O anúncio ocorreu um dia depois que o gigante de mídia anunciou que cortaria 17% da força de trabalho de seu próprio site -tentativa de tornar a divisão mais rentável.

A companhia havia comprado a participação no TheStreet em fevereiro de 1999.

O ‘The New York Times’ ainda mantém 125 mil ações do TheStreet. Michael Golden, vice-presidente do jornal, faz parte do corpo administrativo do provedor."

 

Tony Marques

"Divisão digital do New York Times vai demitir", copyright O Globo, 8/01//01

"Má notícia em causa própria: o jornal ‘The New York Times’ informou ontem, na terceira página de seu caderno dedicado aos assuntos da cidade, que demitirá cerca de 70 funcionários de sua edição on-line. Sob o título ‘Empresa New York Times cortará empregos na unidade de Internet’, o jornal anuncia que, nos primeiros nove meses de 2000, a divisão teve prejuízo de US$ 46,2 milhões, contra US$ 17,8 milhões no mesmo período de 99. O corte atinge 17% dos 400 funcionários da edição digital do jornal e representa economia de US$ 6 milhões.

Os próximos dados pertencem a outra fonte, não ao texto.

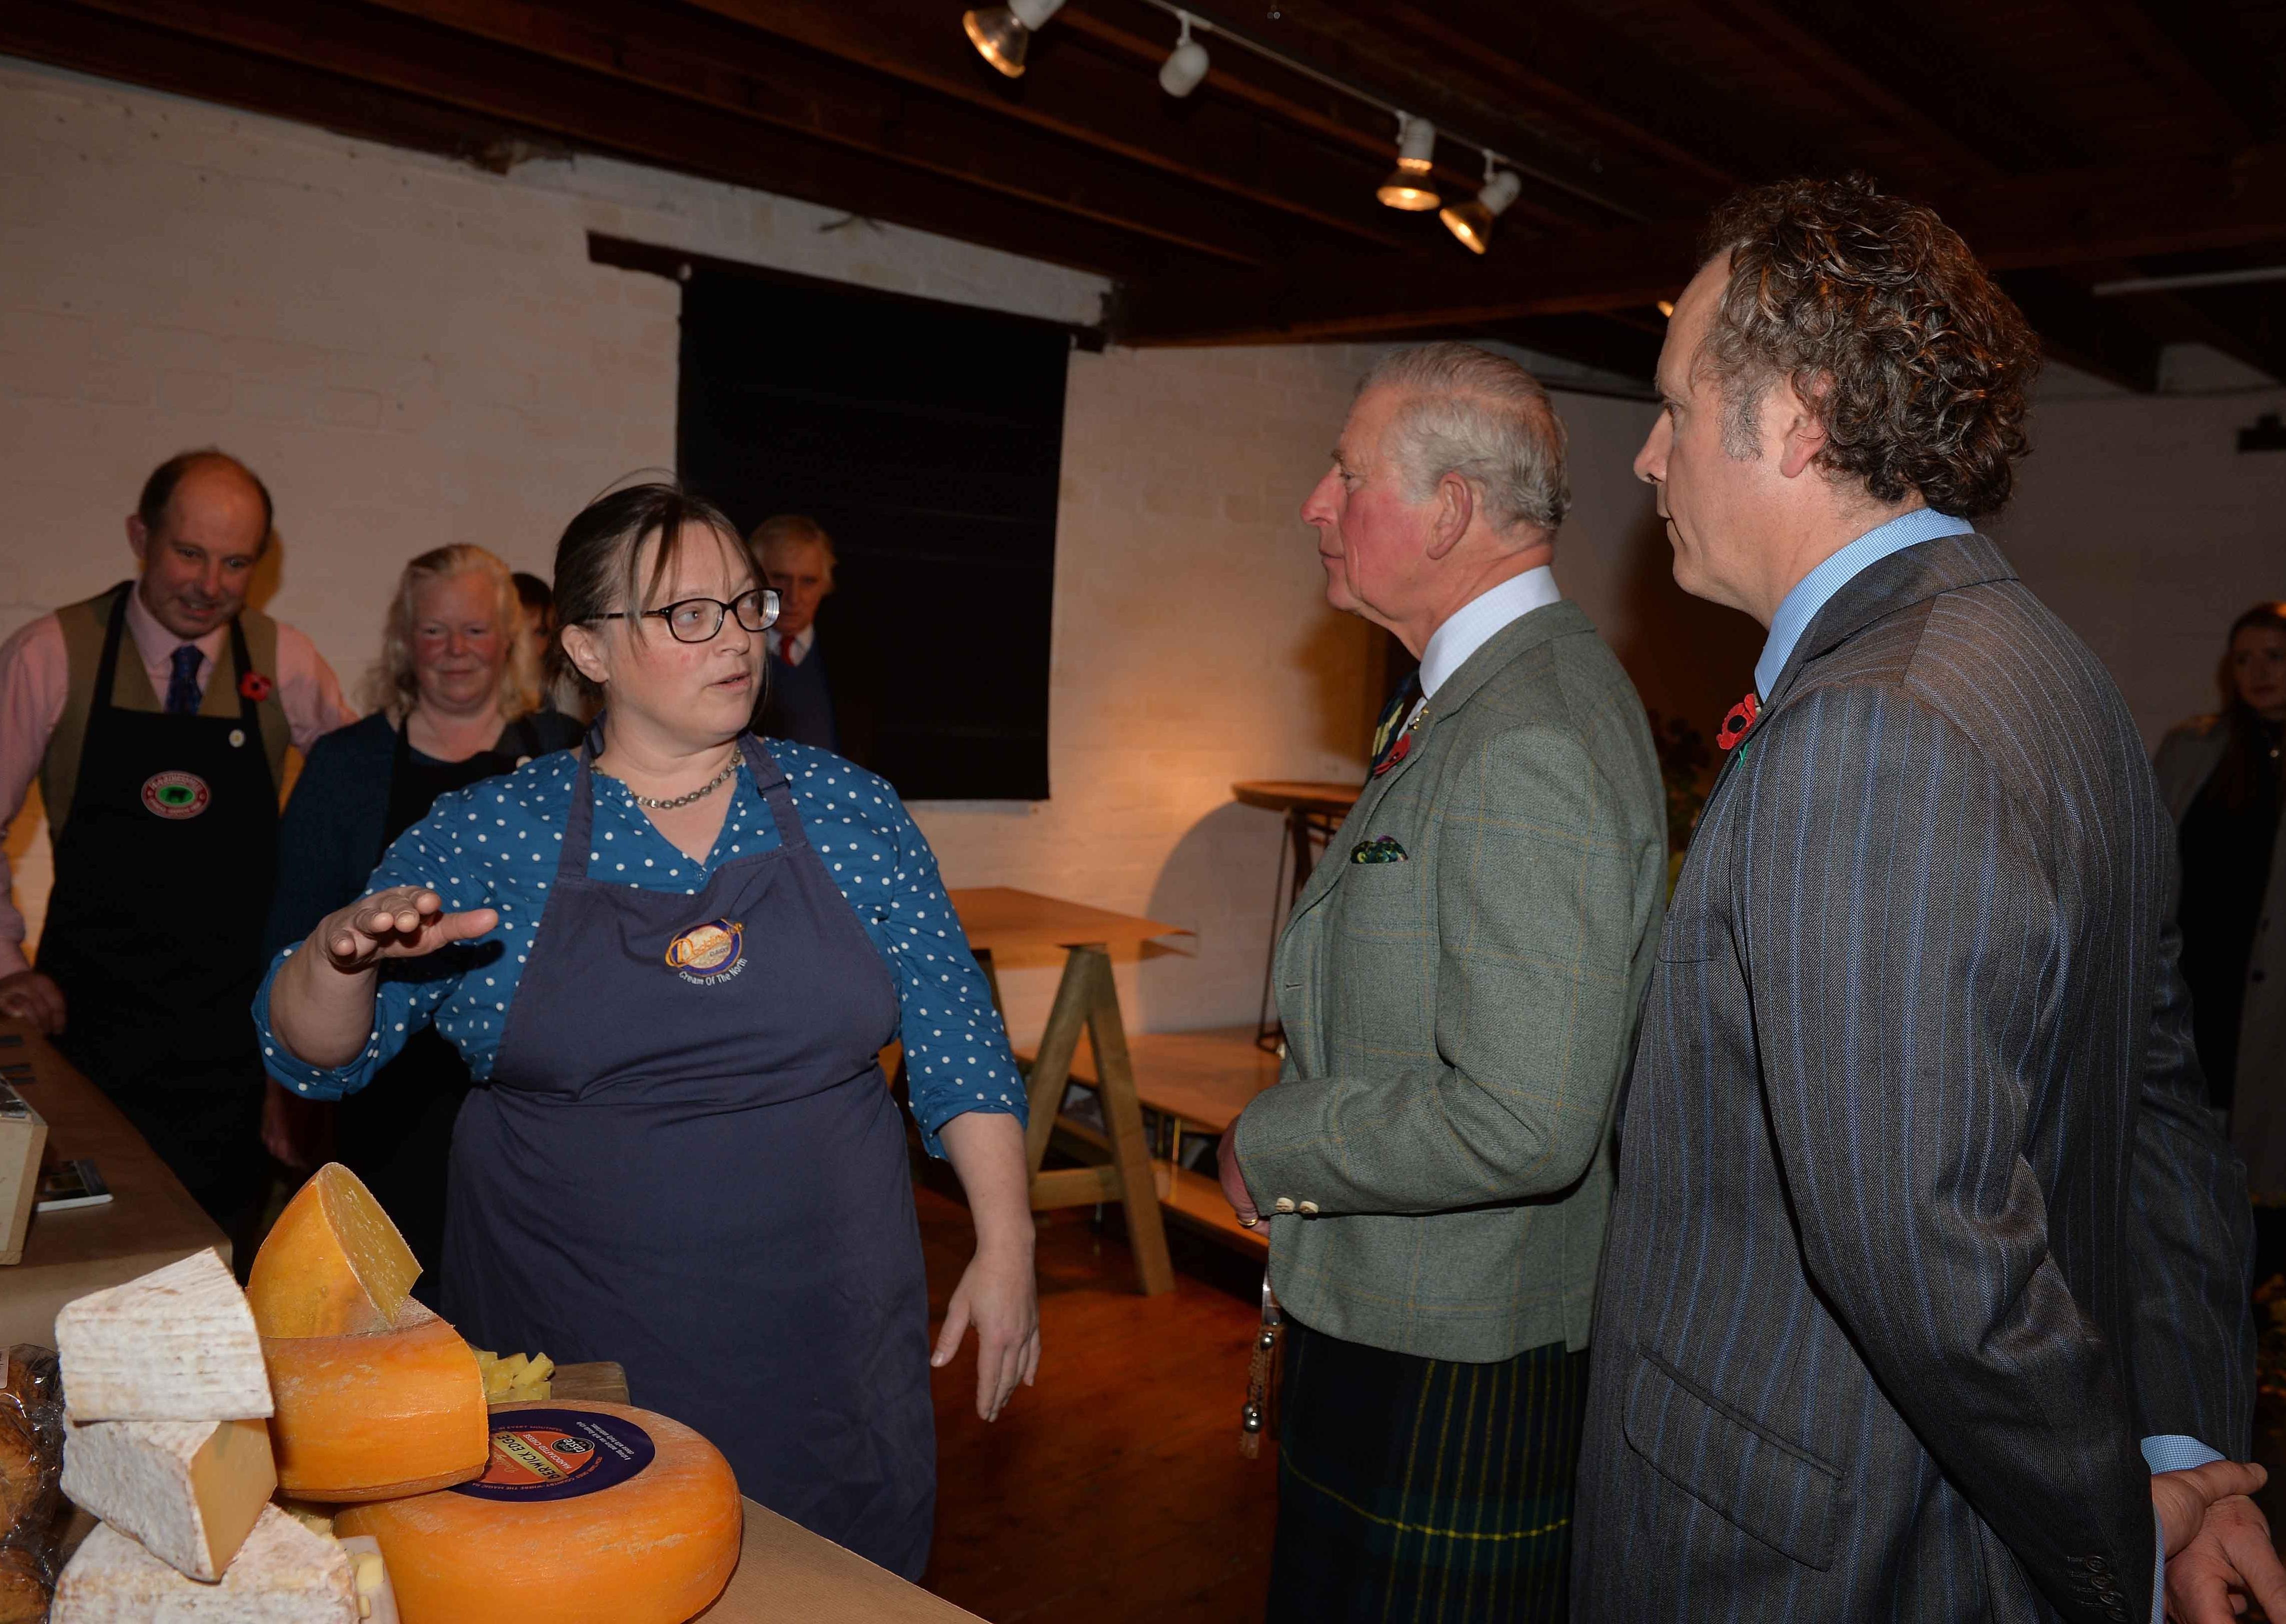 Maggie Maxwell from Doddington's Dairy talks with the Duke of Rothesay at Mainstreet Trading.

Esse é o segundo gigante das comunicações a fazer cortes no setor recentemente. Na semana passada, o grupo Murdoch anunciara a demissão de centenas de funcionários dos websites FoxNews.com, Fox Sports.com e Fox.com.

Sob anonimato, uma fonte do New York Times digital diz que, em novembro e dezembro de 2000, a empresa foi muito mal em termos de receita publicitária, o que está acontecendo na mídia americana de modo geral. A porta-voz do grupo, Catherine Mathis, não quis se pronunciar. Os cortes atingirão as áreas de notícias, programação, desenvolvimento de produtos e talvez cargos executivos.

A notícia diz que ‘os cortes estão vindo mais de sete meses após a aprovação pelos acionistas de uma oferta pública de uma nova classe de ações da Times Company, baseada nos ativos da New York Times Digital’. O registro das ações não chegou a ser feito."